Right now, some of the best and most effective investments you can make into your business, and into your ecosystem aren’t physical – they’re digital. The rush is on for businesses to build out their digital channels, looking for ways to simultaneously engage with customers, provide more pathways in the buyer’s journey, and streamline the sales process itself. 

This isn’t a passing trend, either. The Alexander Group forecasts that web-originated sales will be up by 70% or more this year. Every day, more and more buyers are doing their research and their purchases online. You and your partners both need to be aware of this, and taking steps to improve your digital presence. These are some of the most important aspects to focus on.

1. Consolidate as much data-collection as possible

Effectively leveraging digital resources means having the data to base your decisions on. Are you already able to track customer movements across multiple digital channels, or even across multiple touches with various sales partners? If not, you will struggle to optimize your digital investments. Software solutions, such as partner relationship management systems, can do a lot to help you pull various data sources together from across your ecosystem. Ideally, such software should also be tied into your systems for tracking customer online engagement.

2. Understand your buyers’ journey

These days, there’s rarely a single buyer’s journey that most or all buyers will follow. One of the main benefits of digital channels is that they create multiple pathways for buyers, with all of them leading to the same destination. However, to optimize those paths, you need to know how people are utilizing your digital resources – which is why you need efficient data-collection.

Map out all the various potential ways buyers can wind their way through your sales system, and start attaching percentages to the paths. This will tell you which paths to focus on when upgrading.

3. Identify gaps between channels and sales enablement tools

As you’re constructing your map of buyers’ journeys, always be thinking about more ways to enable sales, or at least leverage the data being collected. Then look for gaps between what you’d like to do, and the tools you have available to make it happen.

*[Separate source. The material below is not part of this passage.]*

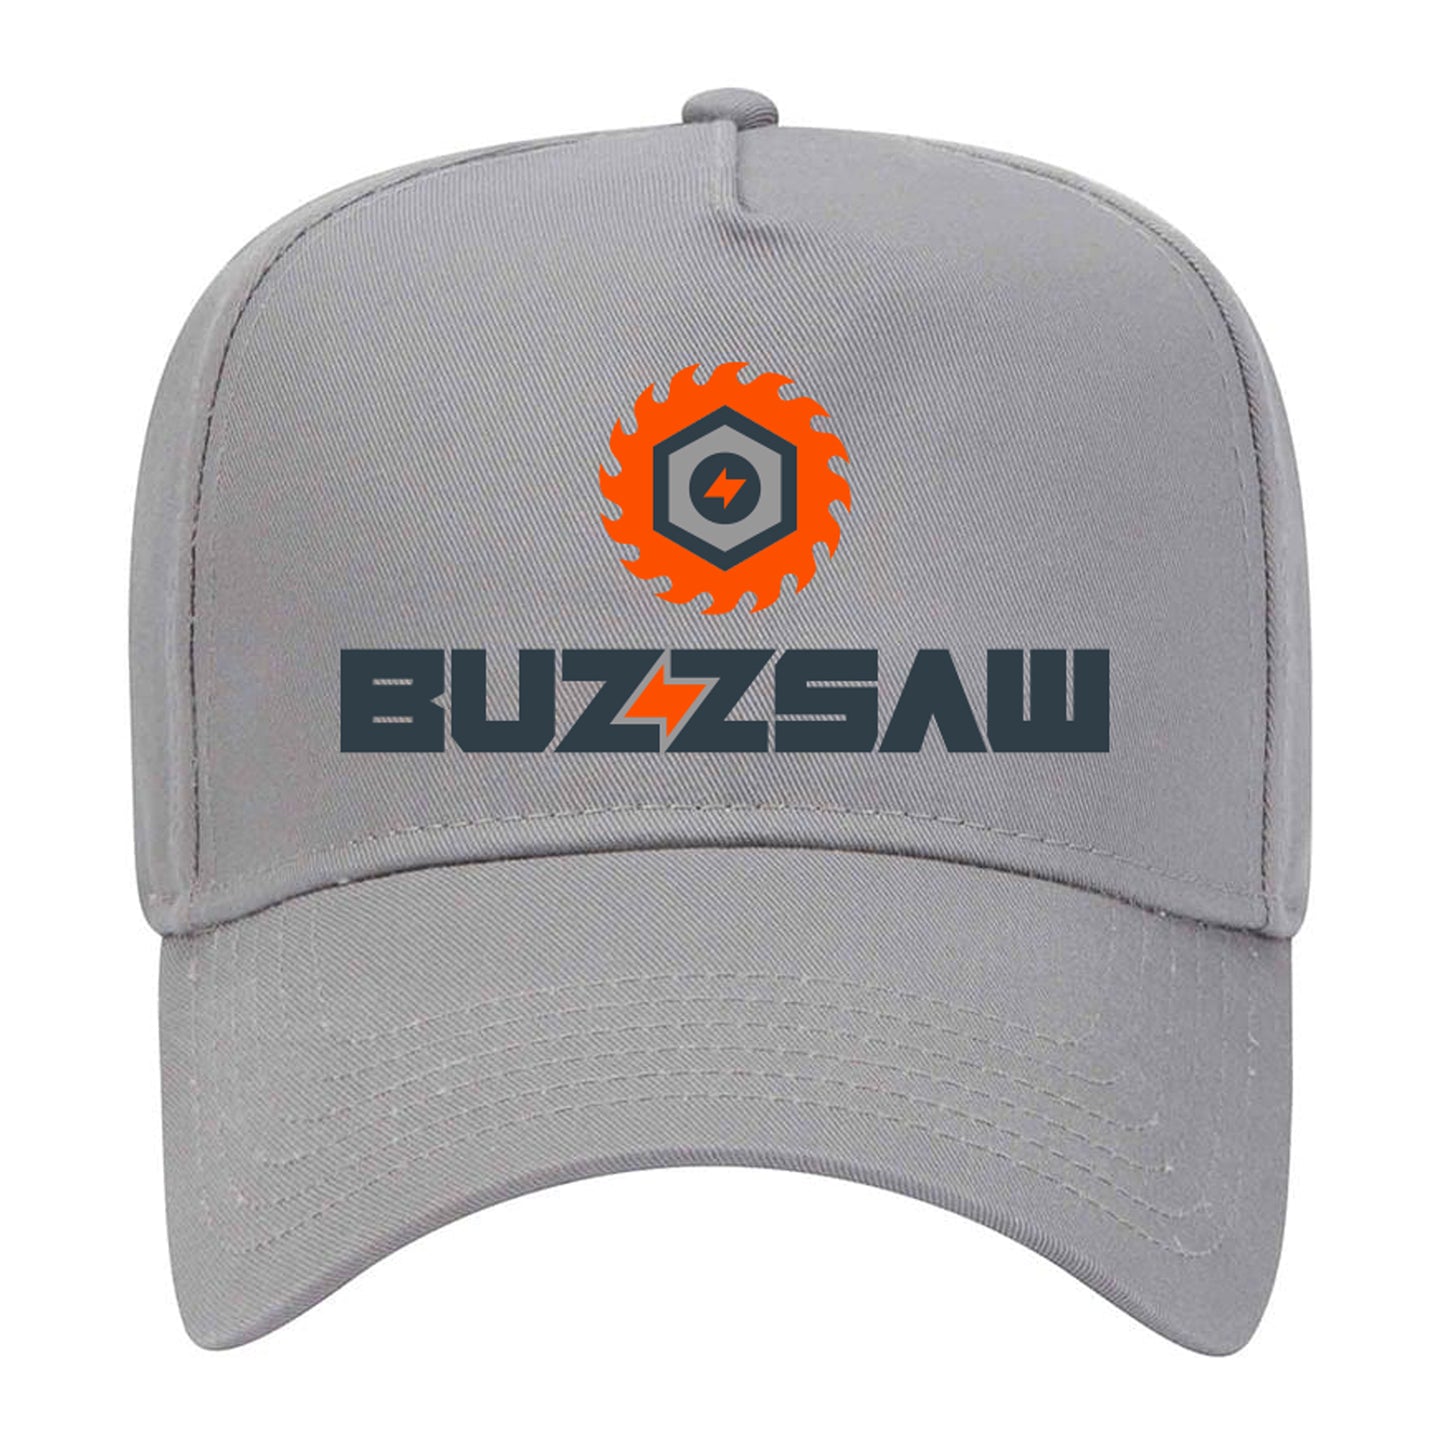 BUZZSAW - Team Hat - Grey

As one easy example: many companies want better ways to engage with customers browsing their website, but lack the resources for one-on-one contact – particularly after hours. For these situations, setting up AI chatbots make a lot of sense. A chatbot will rarely make a sale for you (although it can happen!) but it can act as an interactive FAQ, and also take messages to pass onto your sales partners.

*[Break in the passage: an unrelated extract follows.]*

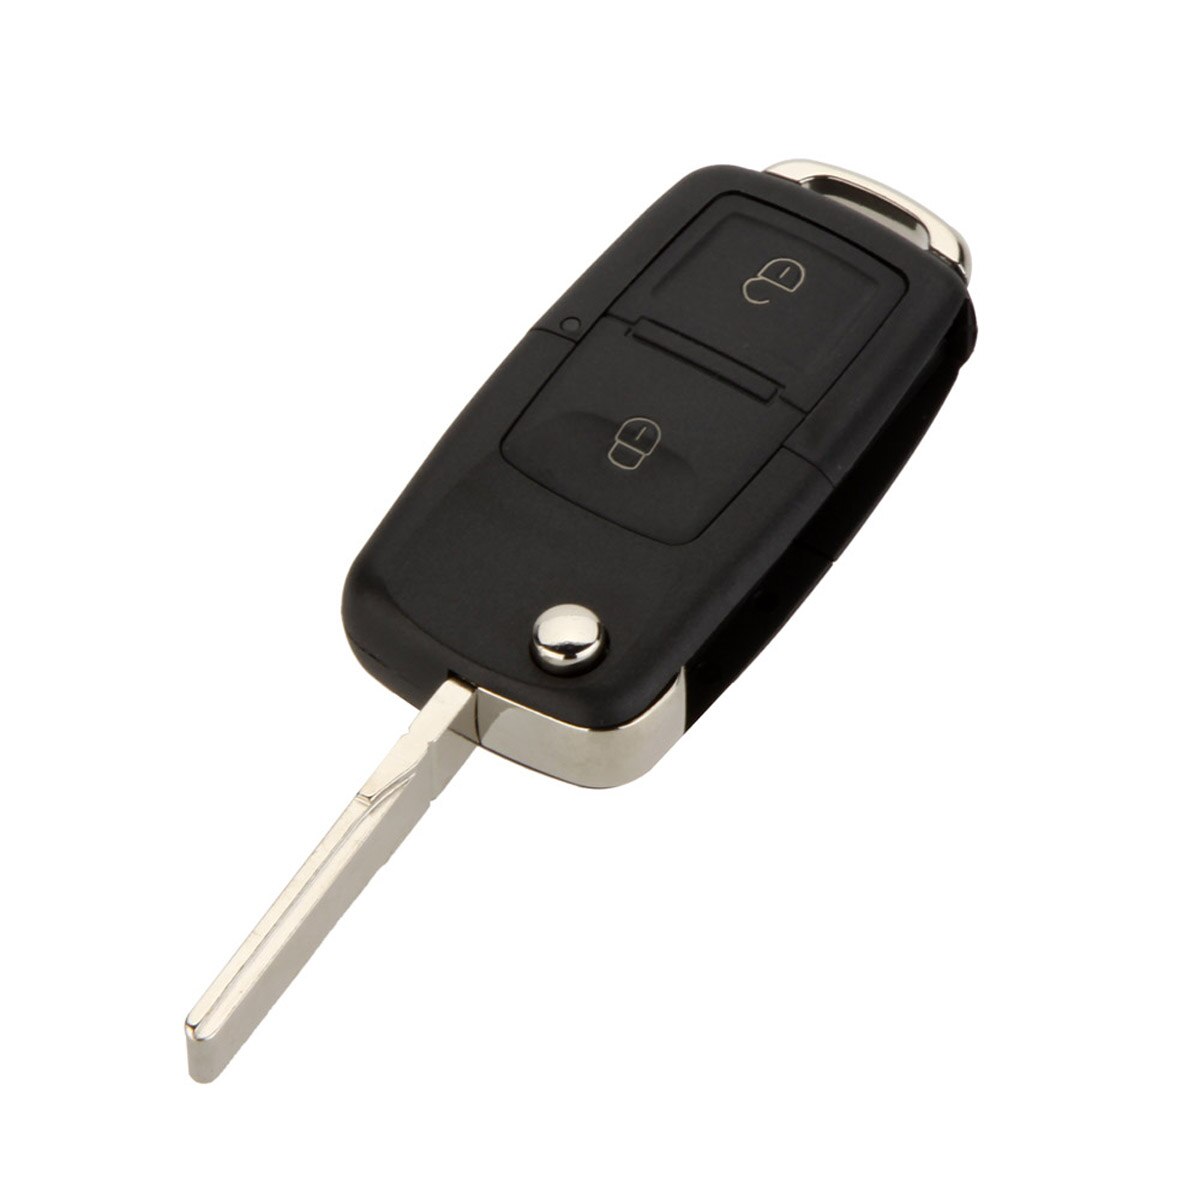 Vouwen Auto Flip Remote Key Shell Case 2 Knoppen Vervanging Case Fob Shell Voor Vw Volkswagen Alhambra MK4 T5 Polo golf Etc

4. Create a dedicated position

Wrangling digital pathways and optimizing investment is quickly becoming a full-time job. This probably isn’t something that should fall entirely onto the shoulders of a channel manager, although they may be the ones to get the ball rolling. At some point, as your level of digital investment and involvement increases, you’ll need one or more dedicated workers overseeing that side of the business. They should, of course, have close contact with your channel manager, and may even need to be available to sales partners, just depending on how tightly-integrated your online strategies become.